Uchibe Eiji, Doya Kenji
Okinawa Institute of Science and Technology, Okinawa 904-2234, Japan.
Neural Netw. 2008 Dec;21(10):1447-55. doi: 10.1016/j.neunet.2008.09.013. Epub 2008 Oct 9.
Understanding the design principle of reward functions is a substantial challenge both in artificial intelligence and neuroscience. Successful acquisition of a task usually requires not only rewards for goals, but also for intermediate states to promote effective exploration.

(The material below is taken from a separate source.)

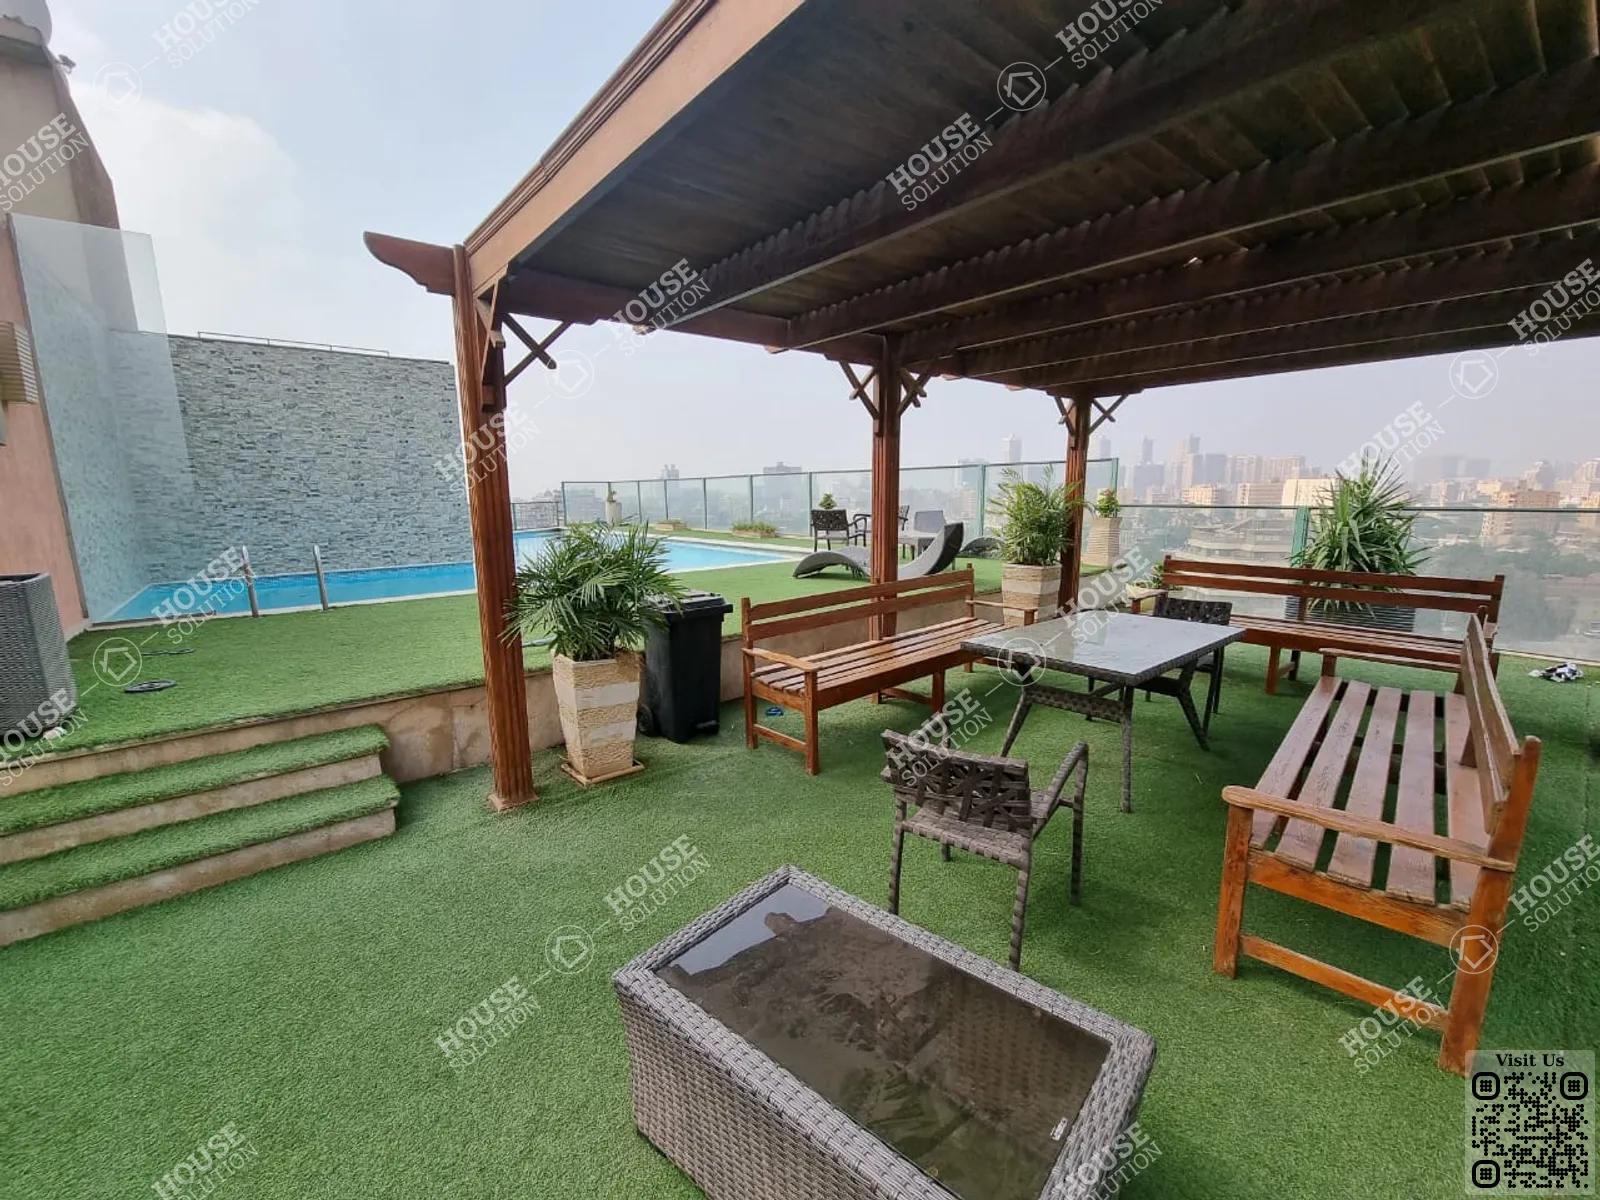 SHARED TERRACE  @ Apartments For Rent In Maadi Maadi Sarayat Area: 180 m² consists of 3 Bedrooms 3 Bathrooms Modern furnished 5 stars #5643-1

This paper proposes a method for designing 'intrinsic' rewards of autonomous agents by combining constrained policy gradient reinforcement learning and embodied evolution. To validate the method, we use Cyber Rodent robots, in which collision avoidance, recharging from battery packs, and 'mating' by software reproduction are three major 'extrinsic' rewards. We show in hardware experiments that the robots can find appropriate 'intrinsic' rewards for the vision of battery packs and other robots to promote approach behaviors.
理解奖励函数的设计原理在人工智能和神经科学领域都是一项重大挑战。成功完成一项任务通常不仅需要对目标给予奖励,还需要对中间状态给予奖励,以促进有效的探索。本文提出了一种通过结合约束策略梯度强化学习和具身进化来设计自主智能体“内在”奖励的方法。为了验证该方法,我们使用了Cyber Rodent机器人,其中避障、从电池组充电以及通过软件复制进行“交配”是三种主要的“外在”奖励。我们在硬件实验中表明,机器人可以为电池组和其他机器人的视觉找到合适的“内在”奖励,以促进接近行为。